*ASSIGNED TASK*.
Leaving the images aside, transcribe all the data below exactly.

*SUPPLIED INFORMATION*.
☆ ☆ ☆ ☆ ☆ ☆ ☆

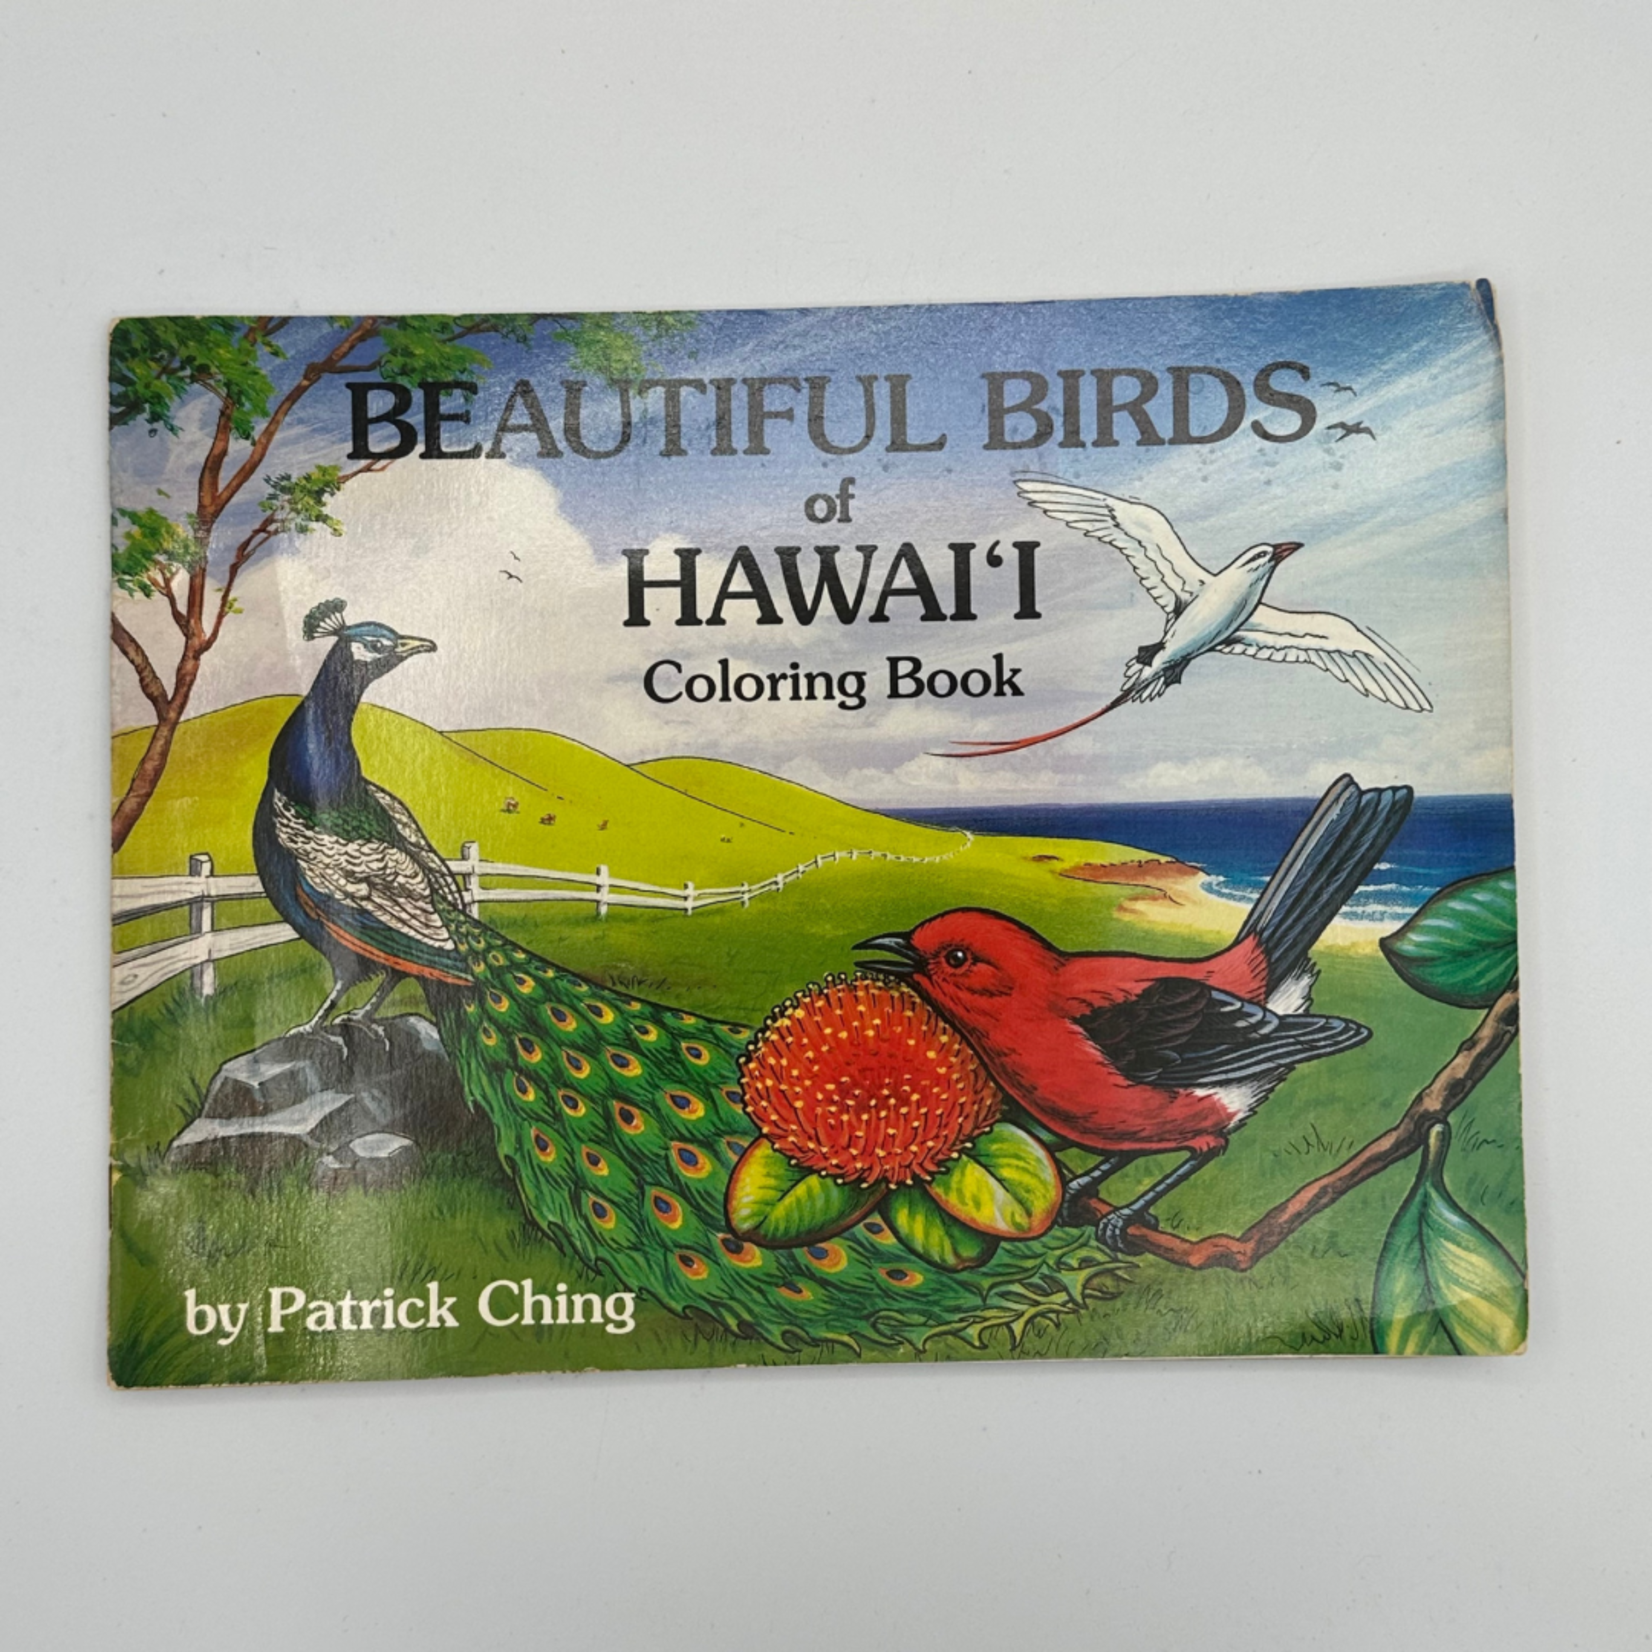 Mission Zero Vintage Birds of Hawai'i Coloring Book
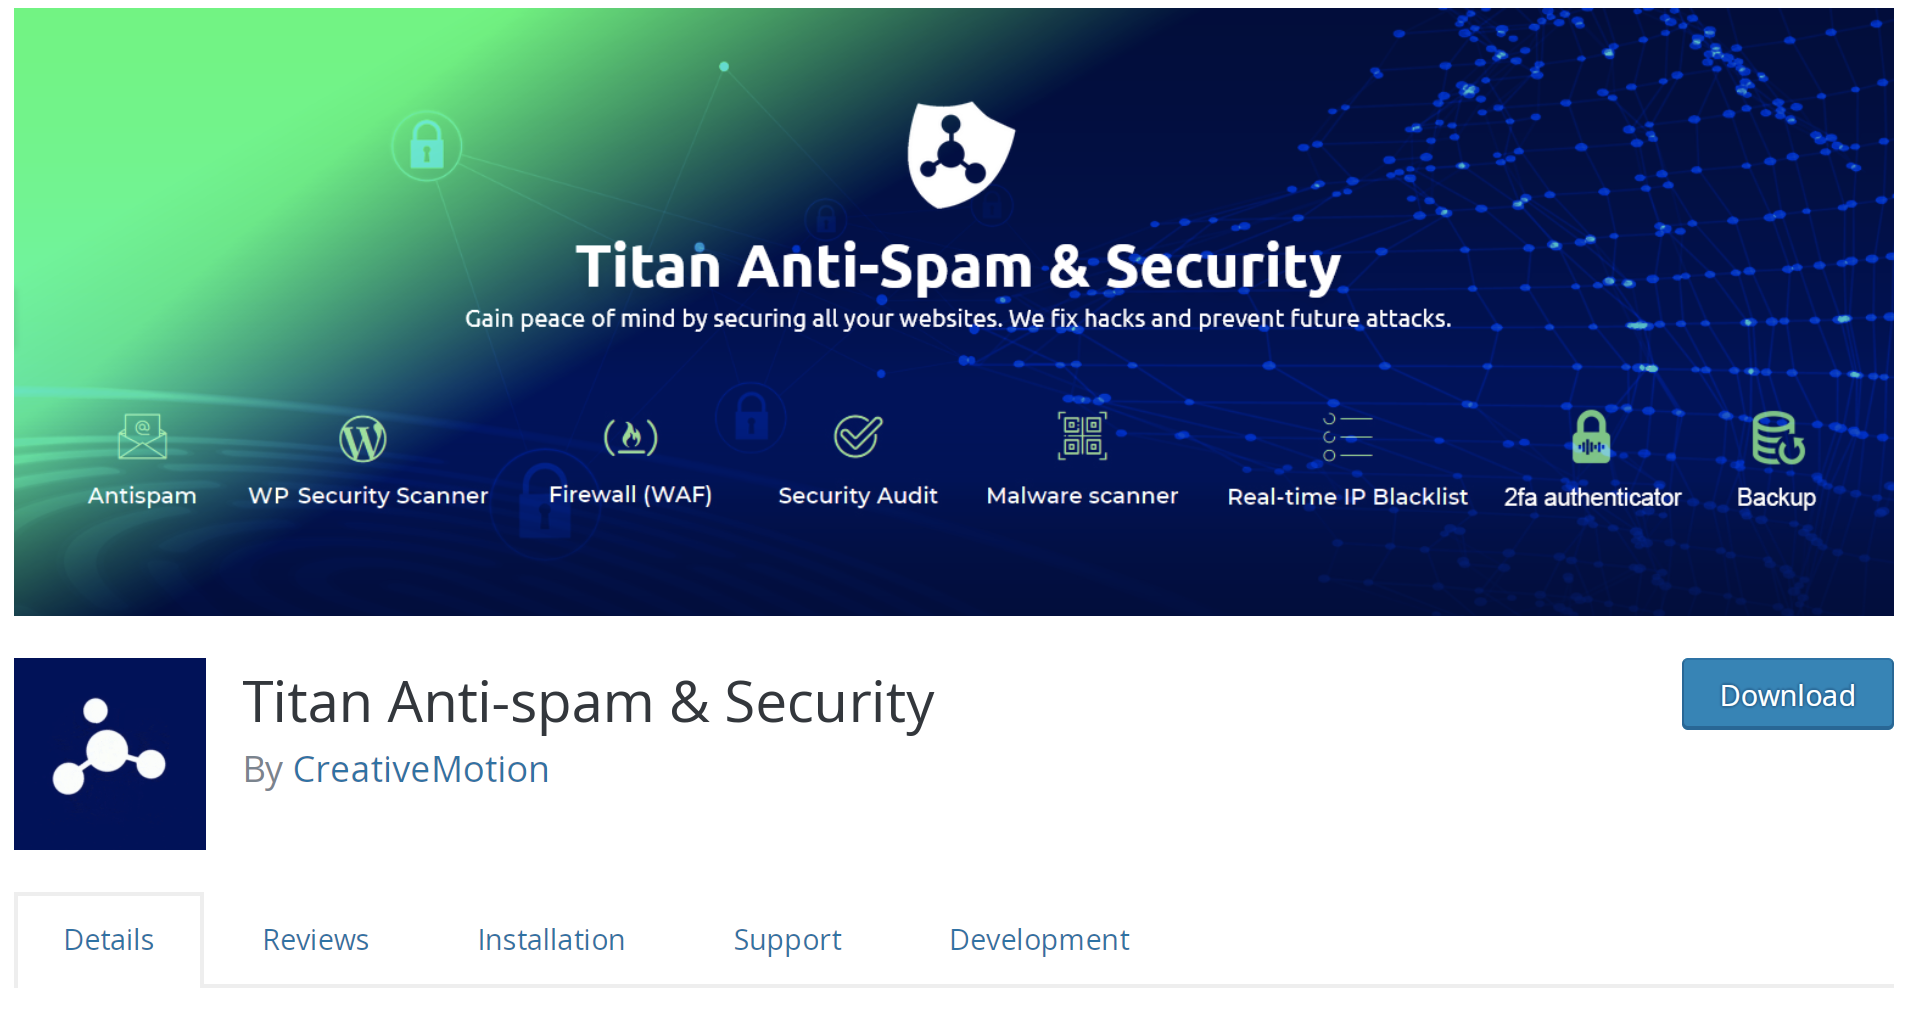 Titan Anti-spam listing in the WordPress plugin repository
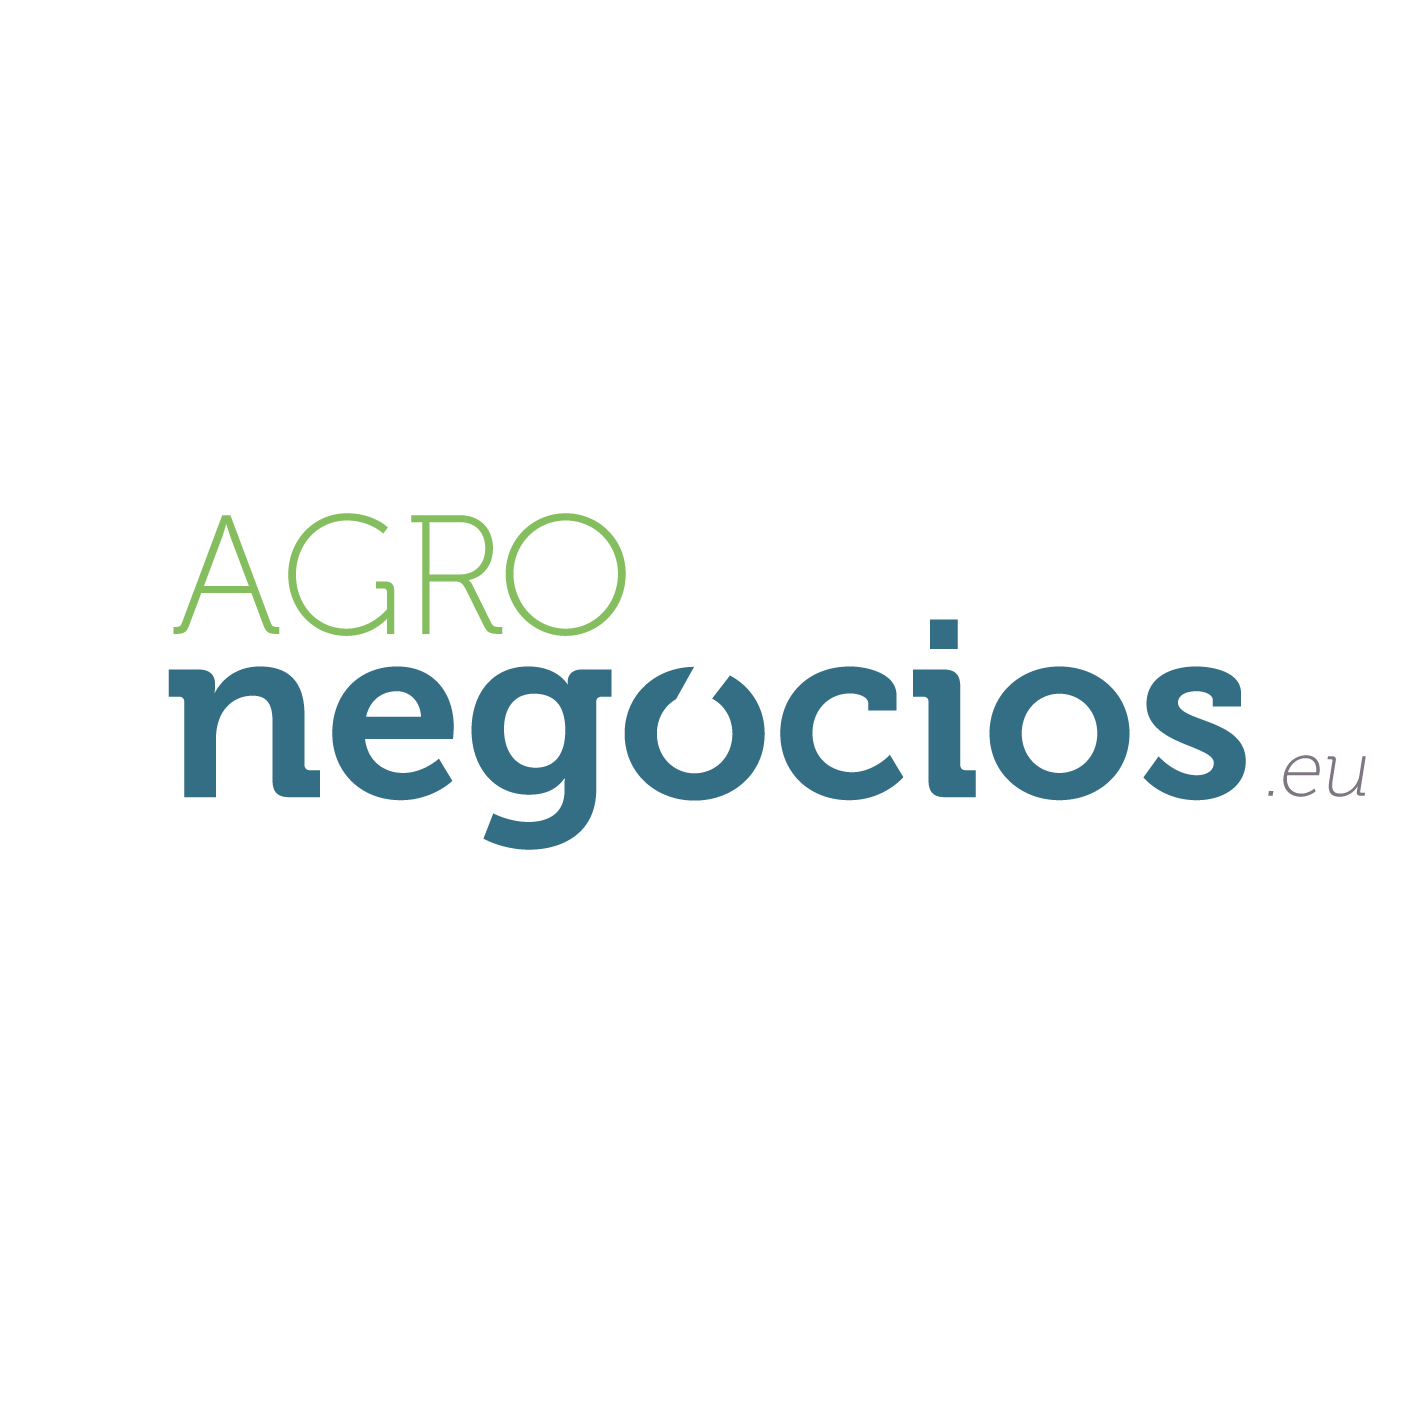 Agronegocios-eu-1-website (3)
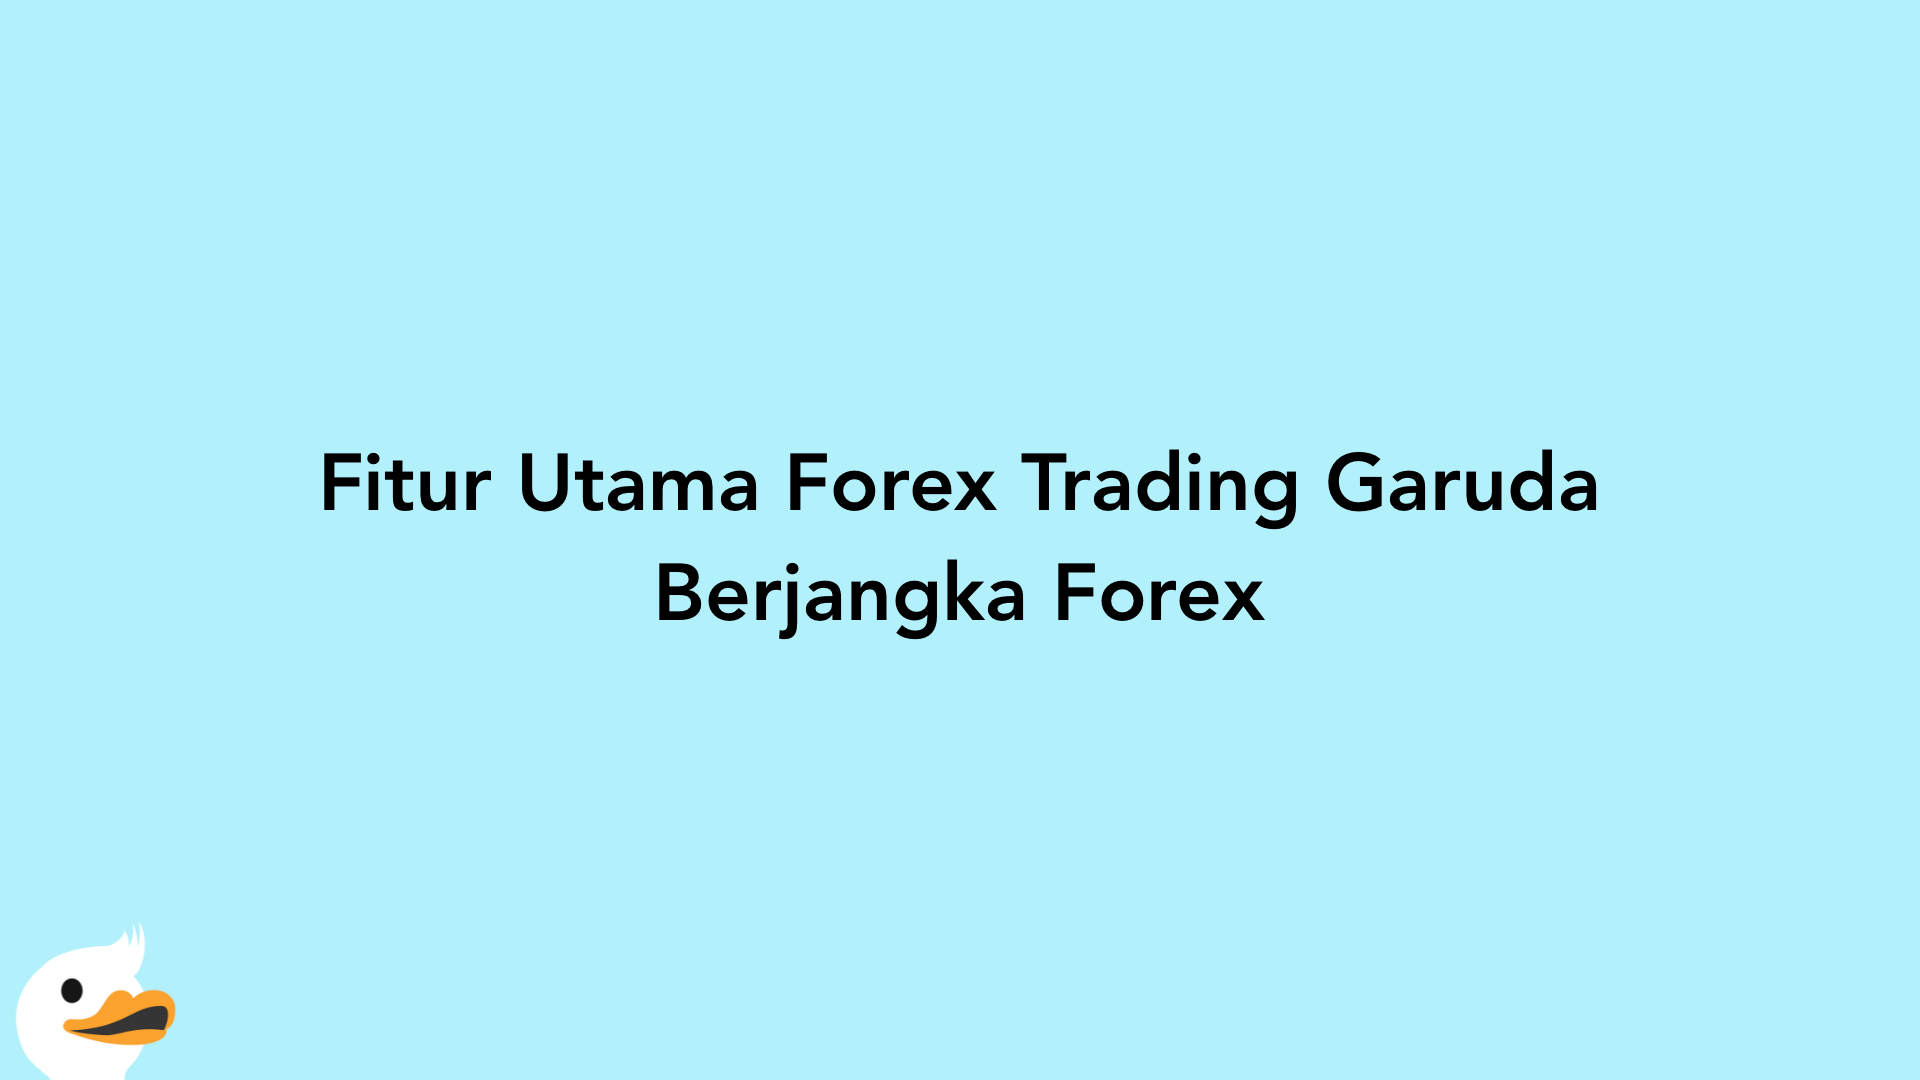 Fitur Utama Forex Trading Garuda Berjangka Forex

☆ ☆ ☆ ☆ ☆ ☆ ☆

*TASK OUTPUT*.
 Mission Zero Vintage Birds of Hawai'i Coloring Book
 Titan Anti-spam listing in the WordPress plugin repository
 Agronegocios-eu-1-website (3)
 Fitur Utama Forex Trading Garuda Berjangka Forex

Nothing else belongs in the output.